RIFORMA DELLA DISABILITÀ

Noemi Secci, Consulente del Lavoro in Milano

Pubblicato il decreto principale della legge delega n. 227/2021, che riforma radicalmente il sistema di accertamento delle disabilità e degli aiuti in merito.

Addio all’handicap e alle diverse e variegate tipologie di invalidità: prende il via, in modo concreto, la riforma della disabilità, con la pubblicazione, nella Gazzetta Ufficiale n. 111 del 14 maggio 2024, del D.lgs. n. 62/2024, c.d. “Decreto disabilità”. Il decreto rappresenta il provvedimento chiave della legge delega sulla disabilità (L. n. 227/2021) e contiene la “Definizione della condizione di disabilità, della valutazione di base, di accomodamento ragionevole e della valutazione multidimensionale per l’elaborazione e attuazione del progetto di vita individuale personalizzato e partecipato”. Ma che cosa significa tutto questo? Si tratta di una vera e propria “rivoluzione”, che apporta cambiamenti significativi al sistema di accertamento delle disabilità, accantonando le precedenti definizioni di “handicap” e “invalidità” ed il vecchio sistema di sussidi e aiuti. Profondamente modificata la Legge n. 104/1992, oltre alle norme per l’inclusione scolastica e l’integrazione lavorativa delle persone con disabilità; di fatto, “cestinate” le disposizioni riguardanti gli accertamenti di invalidità civile, cecità, sordità, con l’eliminazione delle visite di rivedibilità. Il ginepraio di prestazioni di assistenza, collegate ai differenti accertamenti dei vari stati di invalidità o inabilità riscontrabili, è stato ora sostituito dal “Progetto di vita”, un piano individuale e personalizzato, che supera il mero assistenzialismo e investe maggiormente sulle competenze di ciascuno, nel rispetto dei principi di autodeterminazione e di non discriminazione. Per comprendere meglio la portata delle modifiche, osserviamo, almeno in termini generali, “da dove siamo partiti” in materia di disabilità.

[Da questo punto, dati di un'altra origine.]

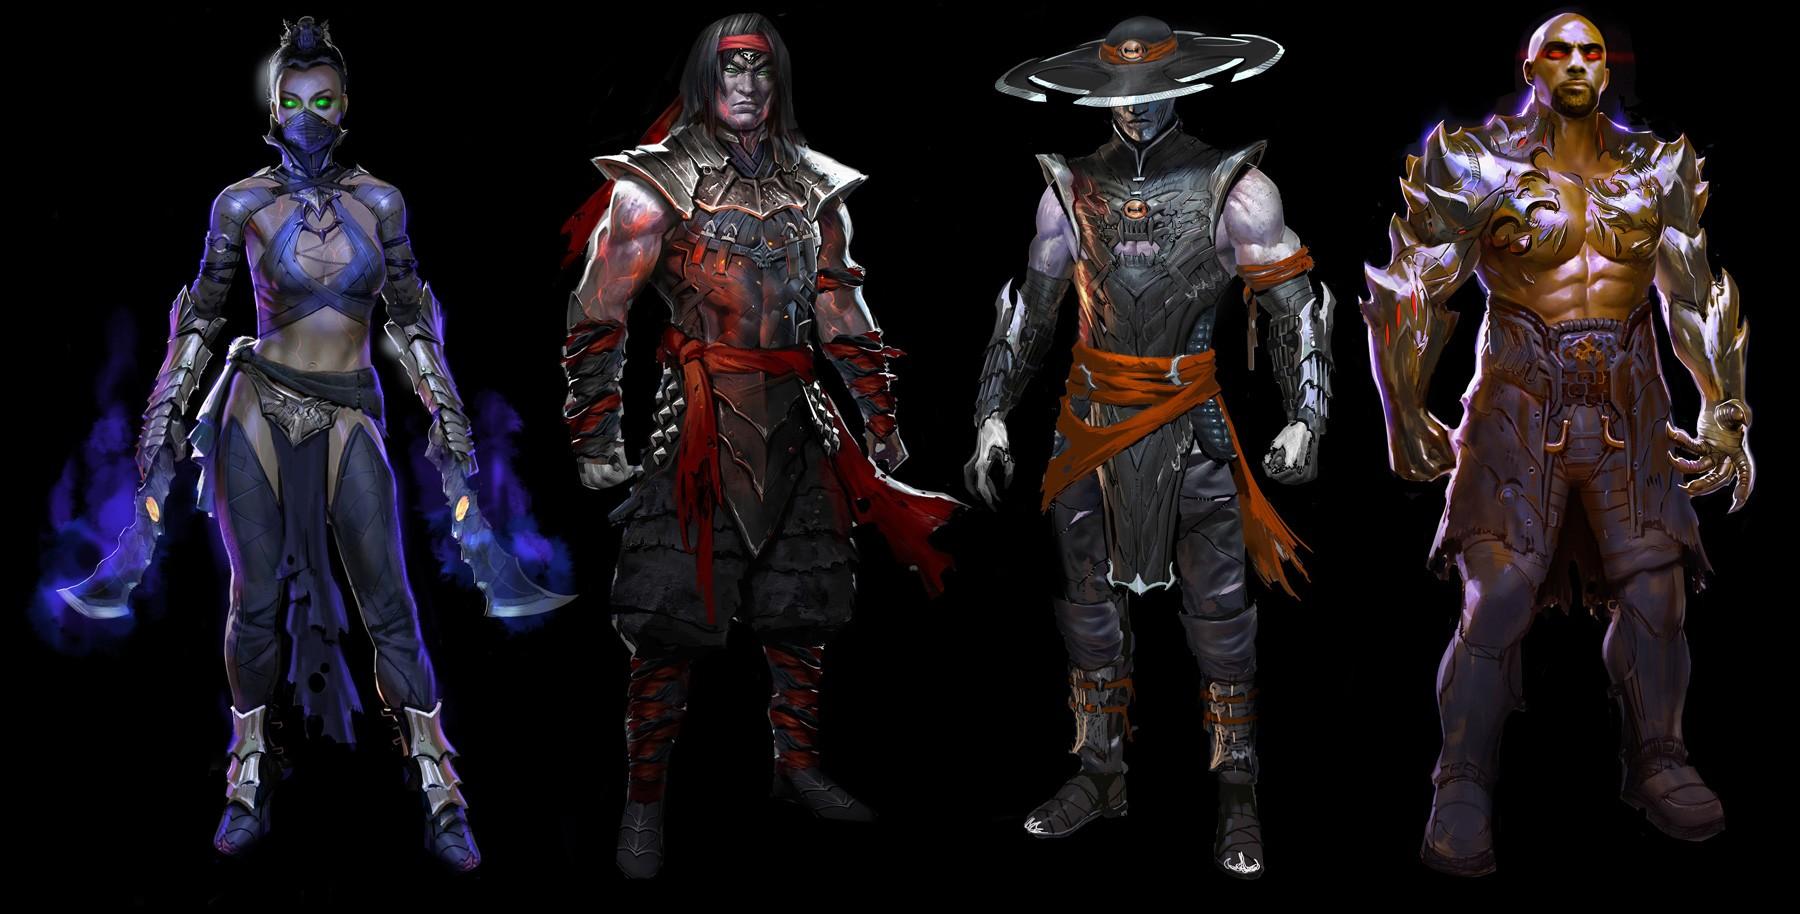 Digital Art Video Games Artwork Concept Toy Mortal Kombat X Jax Kung Lao Liu Kang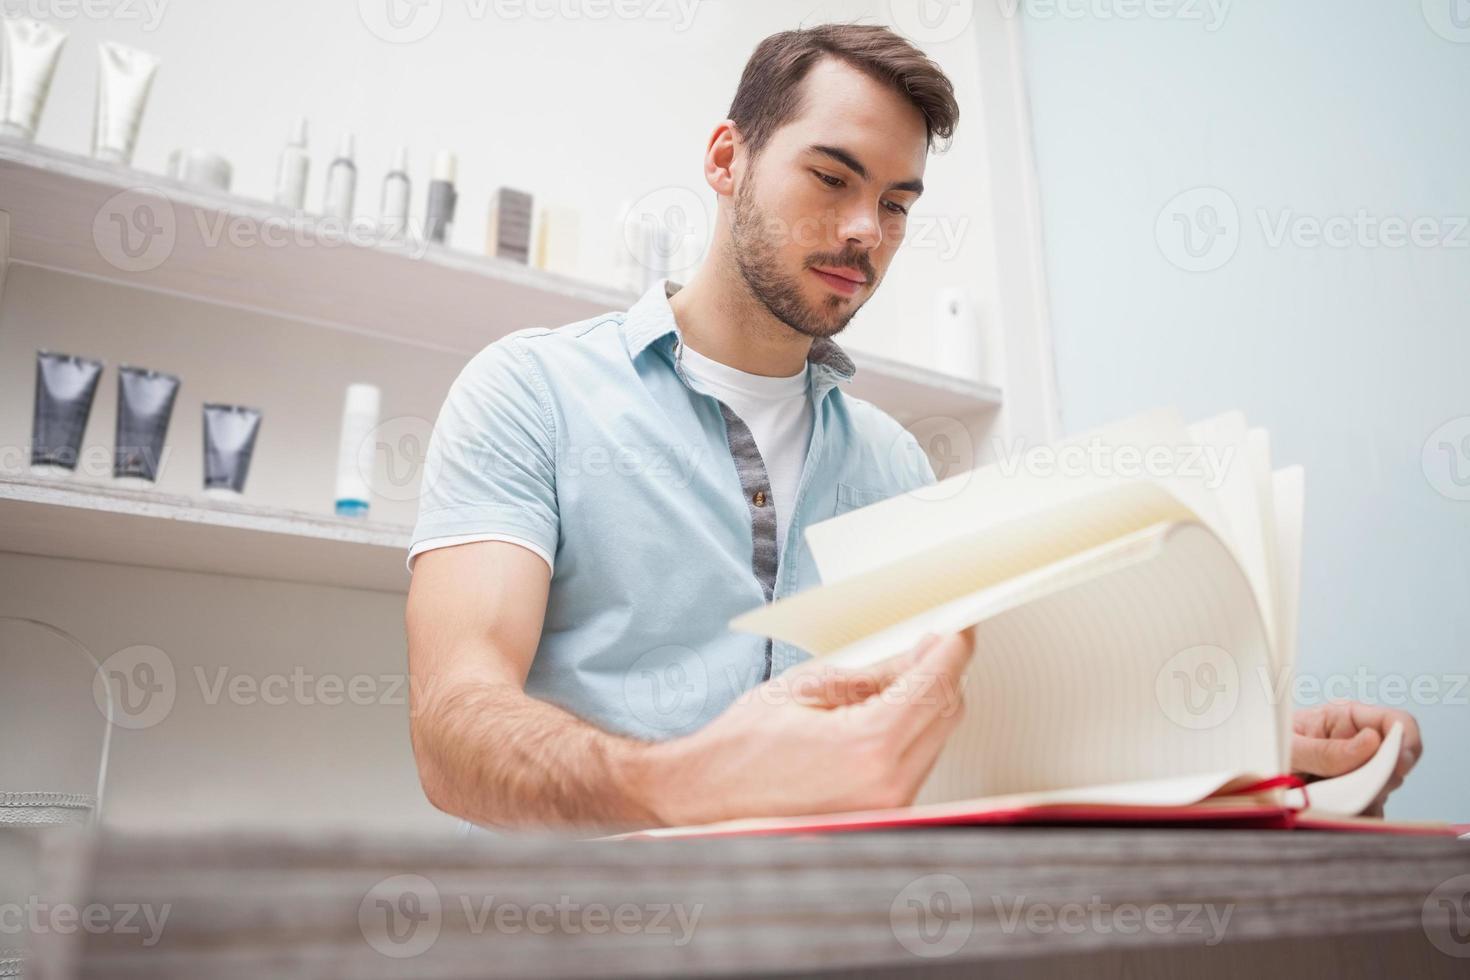 peluquero sonriente con stock book foto

INVALIDITÀ, HANDICAP, NON AUTOSUFFICIENZA: IL SISTEMA ATTUALE

L’attuale quadro normativo, in materia di disabilità, è piuttosto complesso e stratificato. Innanzitutto, sono separate le definizioni di handicap e invalidità, anche se la stessa persona può essere sia invalida che portatrice di handicap. Inoltre, alla condizione di invalidità può aggiungersi la non autosufficienza. Facciamo allora il punto sulle principali differenze tra handicap, invalidità e non autosufficienza:

• l’invalidità consiste nella riduzione della capacità lavorativa della persona, derivante da un’infermità o da una menomazione; se la persona non è in età lavorativa (minorenni, over 67), per valutare l’invalidità non ci si riferisce alla capacità lavorativa, ma alla capacità di svolgere i compiti e le funzioni proprie dell’età;

 • nella valutazione dell’invalidità civile si ha riguardo alla riduzione della capacità lavorativa generica;

• per l’invalidità lavorativa o pensionabile, che occorre per il riconoscimento di prestazioni previdenziali quali l’assegno ordinario d’invalidità o la pensione d’inabilità, si ha riguardo all’attività svolta in precedenza, nonché ad ogni altra occupazione che il lavoratore possa svolgere, in relazione alla sua età, capacità ed esperienza, senza esporre a ulteriore danno la propria salute; in sostanza, si deve rilevare la residua capacità lavorativa in occupazione confacenti alle attitudini della persona; vi sono poi alcune tipologie d’invalidità specifiche, all’esercizio di una determinata professione;

• con il termine inabilità, invece, si intende la totale assenza di capacità lavorativa;

 • l’handicap è lo svantaggio sociale, lavorativo o nella sfera dell’apprendimento derivante da un’infermità o una menomazione; nello specifico, è considerato portatore di handicap chi presenta una minorazione fisica, psichica o sensoriale, sia stabile che progressiva, che è causa di difficoltà di apprendimento, di relazione o di integrazione lavorativa; l’handicap può essere riconosciuto non grave, in situazione di gravità o superiore ai 2/3; inoltre, può essere sensoriale, psichico, motorio, intellettivo;

 • la non autosufficienza, invece, consiste nell’impossibilità di compiere gli atti quotidiani della vita senza assistenza, o nell’impossibilità permanente di camminare senza l’aiuto di un accompagnatore. In relazione a tale condizione viene riconosciuta l’indennità di accompagnamento, laddove il beneficiario sia stato anche dichiarato invalido civile al 100%.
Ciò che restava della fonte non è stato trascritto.